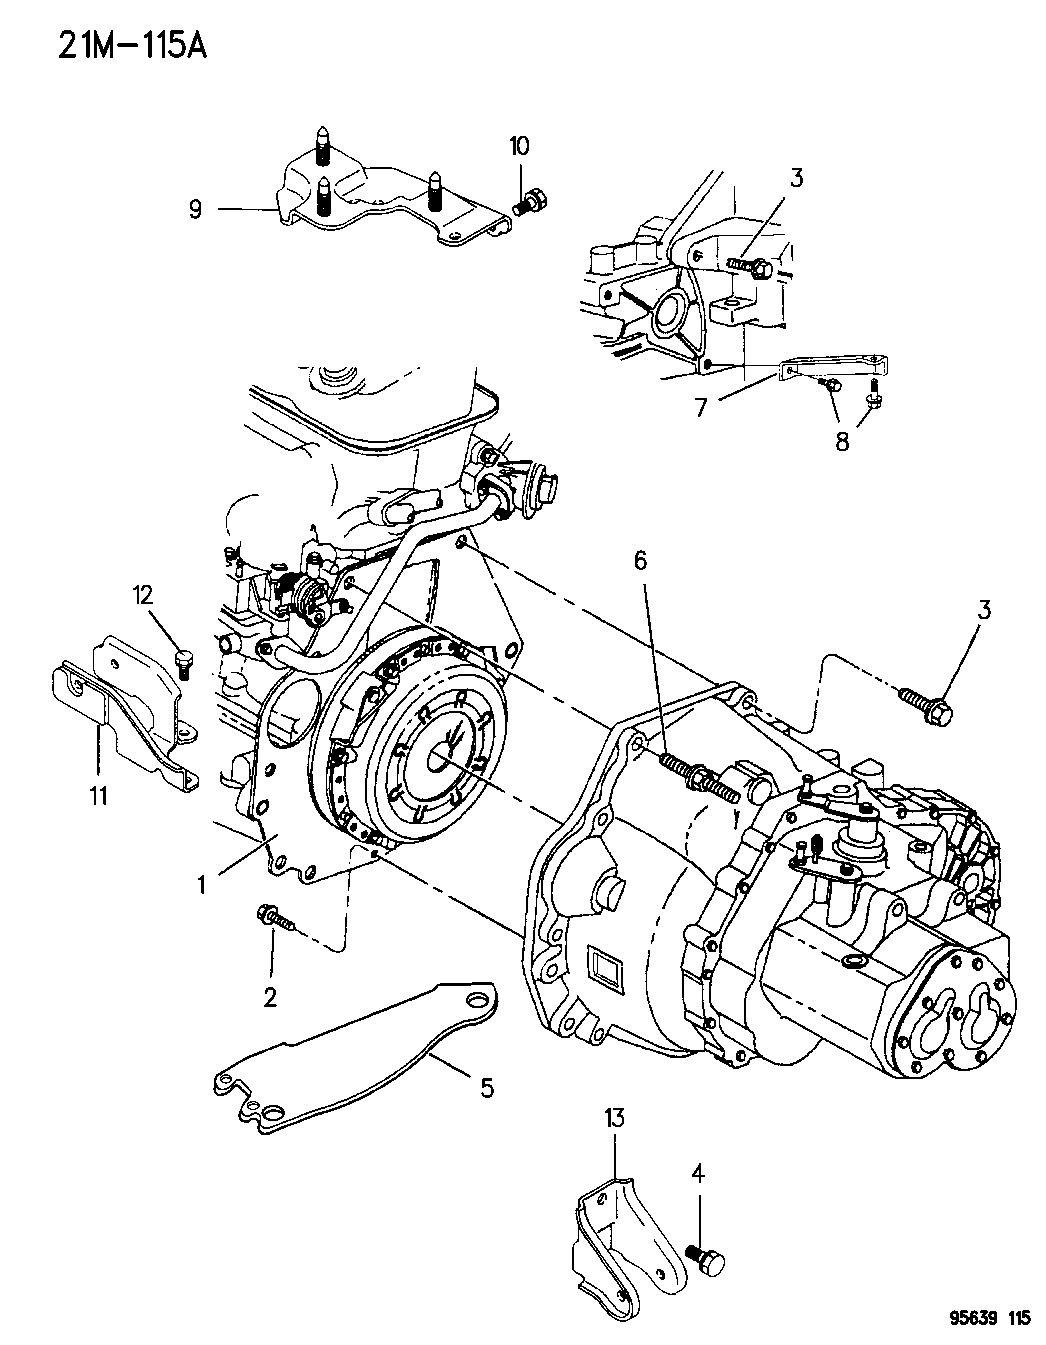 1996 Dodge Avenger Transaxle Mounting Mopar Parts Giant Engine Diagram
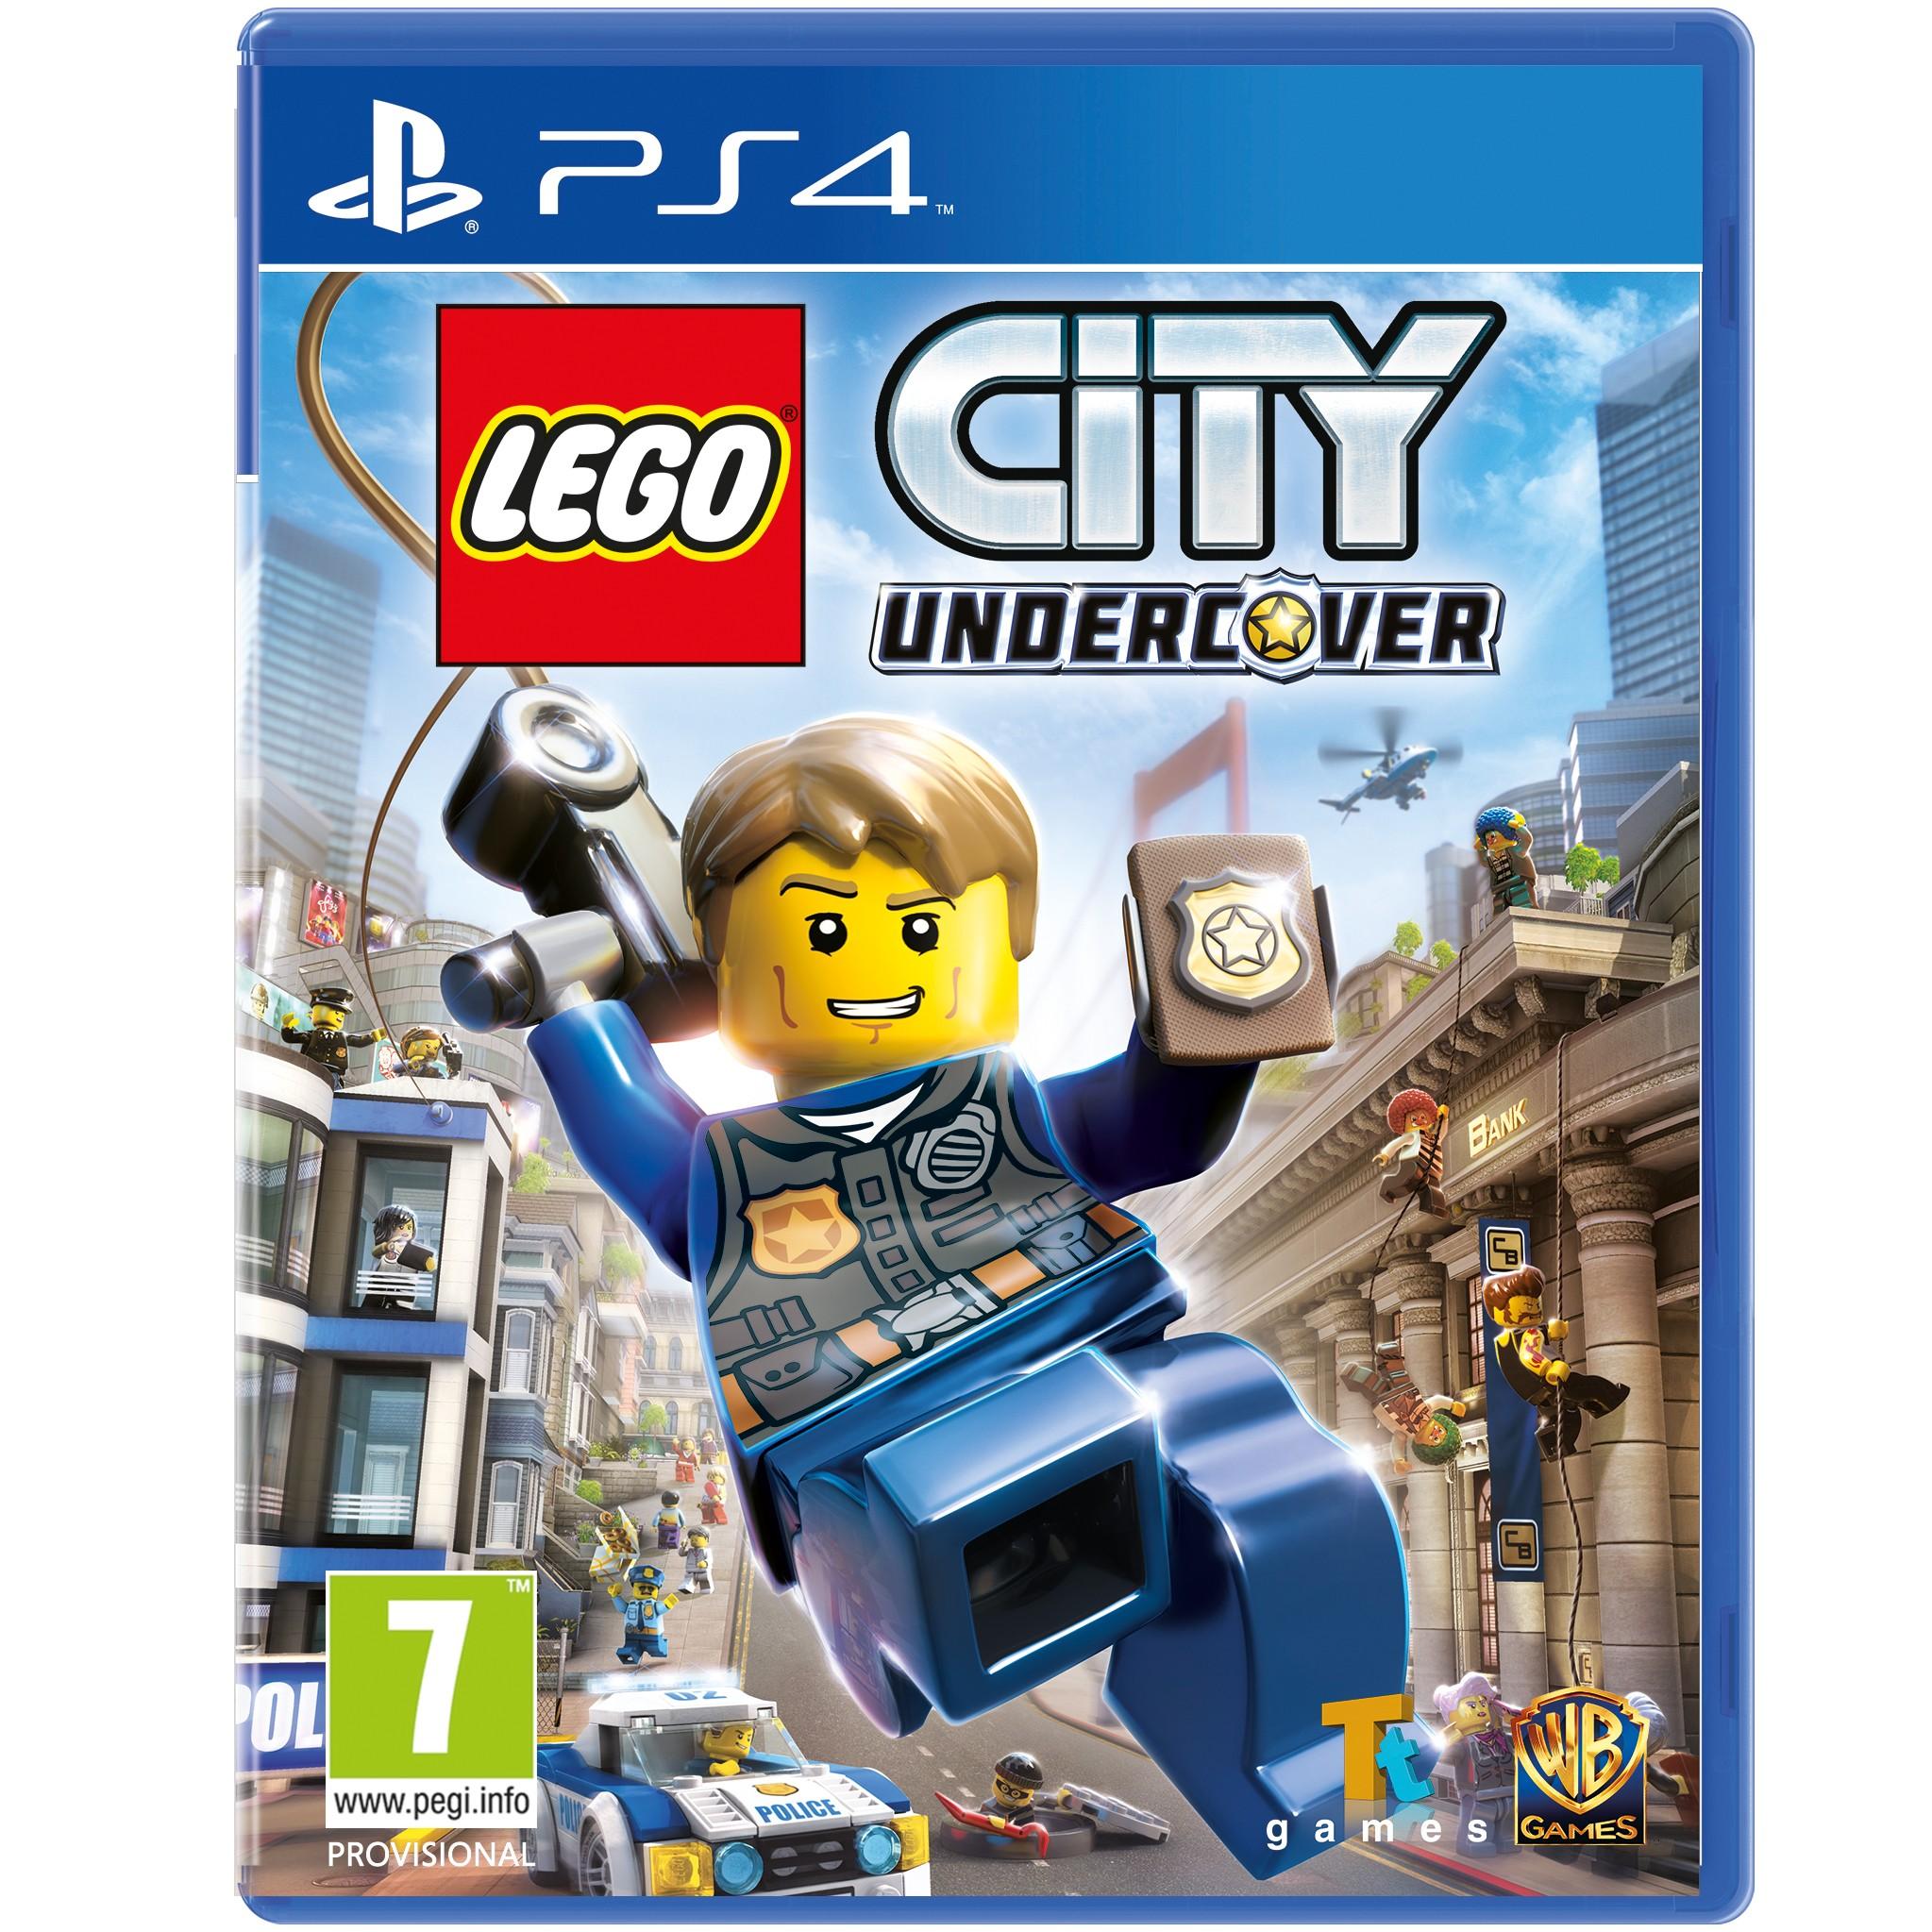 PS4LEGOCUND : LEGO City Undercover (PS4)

---

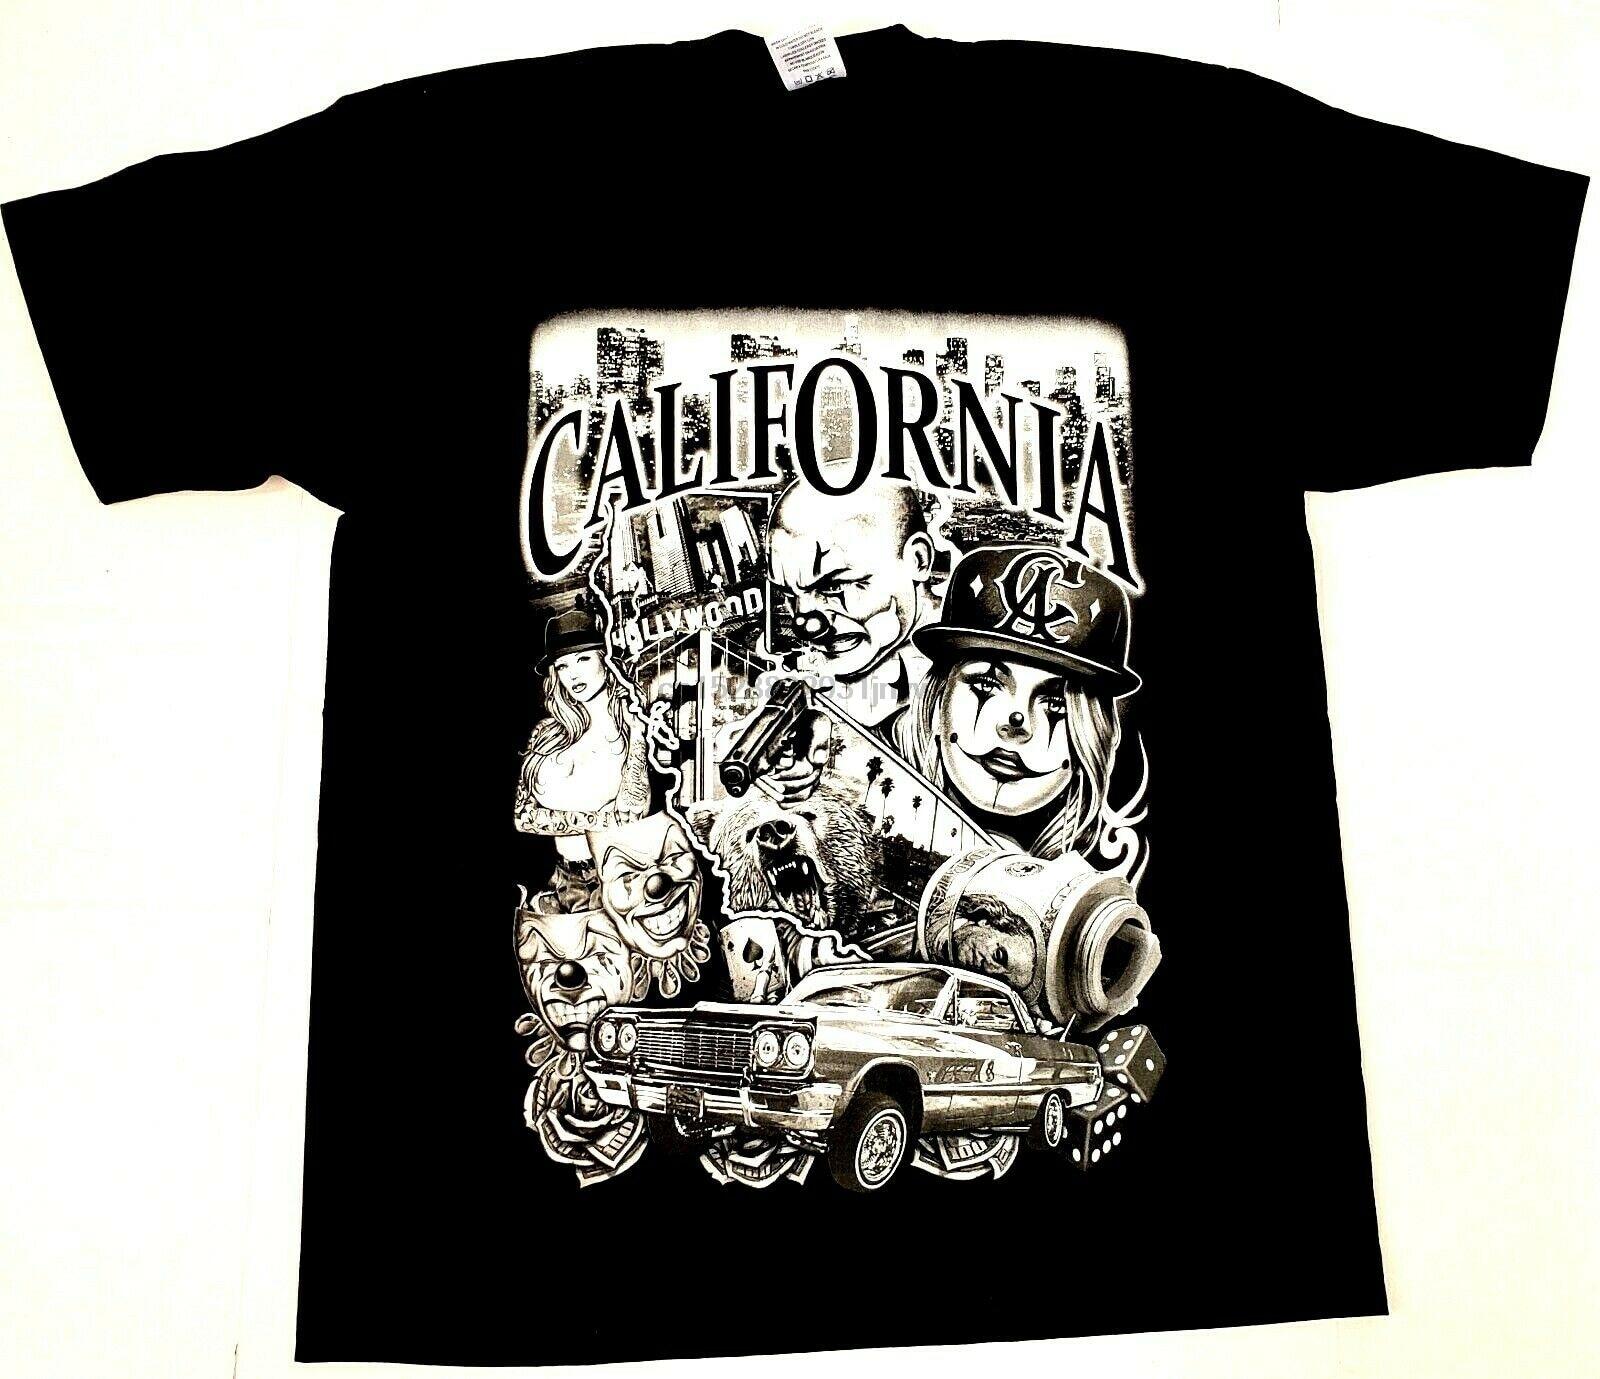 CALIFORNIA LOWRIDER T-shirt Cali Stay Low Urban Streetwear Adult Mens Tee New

EXERCISE AIM:
In the listing above, find the line with "1996 Dodge Avenger" and the line with "PS4LEGOCUND : LEGO City Undercover (PS4)". Copy exactly those two and every line between, without the pictures.

OUTPUT OF THE TASK:
 1996 Dodge Avenger Transaxle Mounting Mopar Parts Giant Engine Diagram
 PS4LEGOCUND : LEGO City Undercover (PS4)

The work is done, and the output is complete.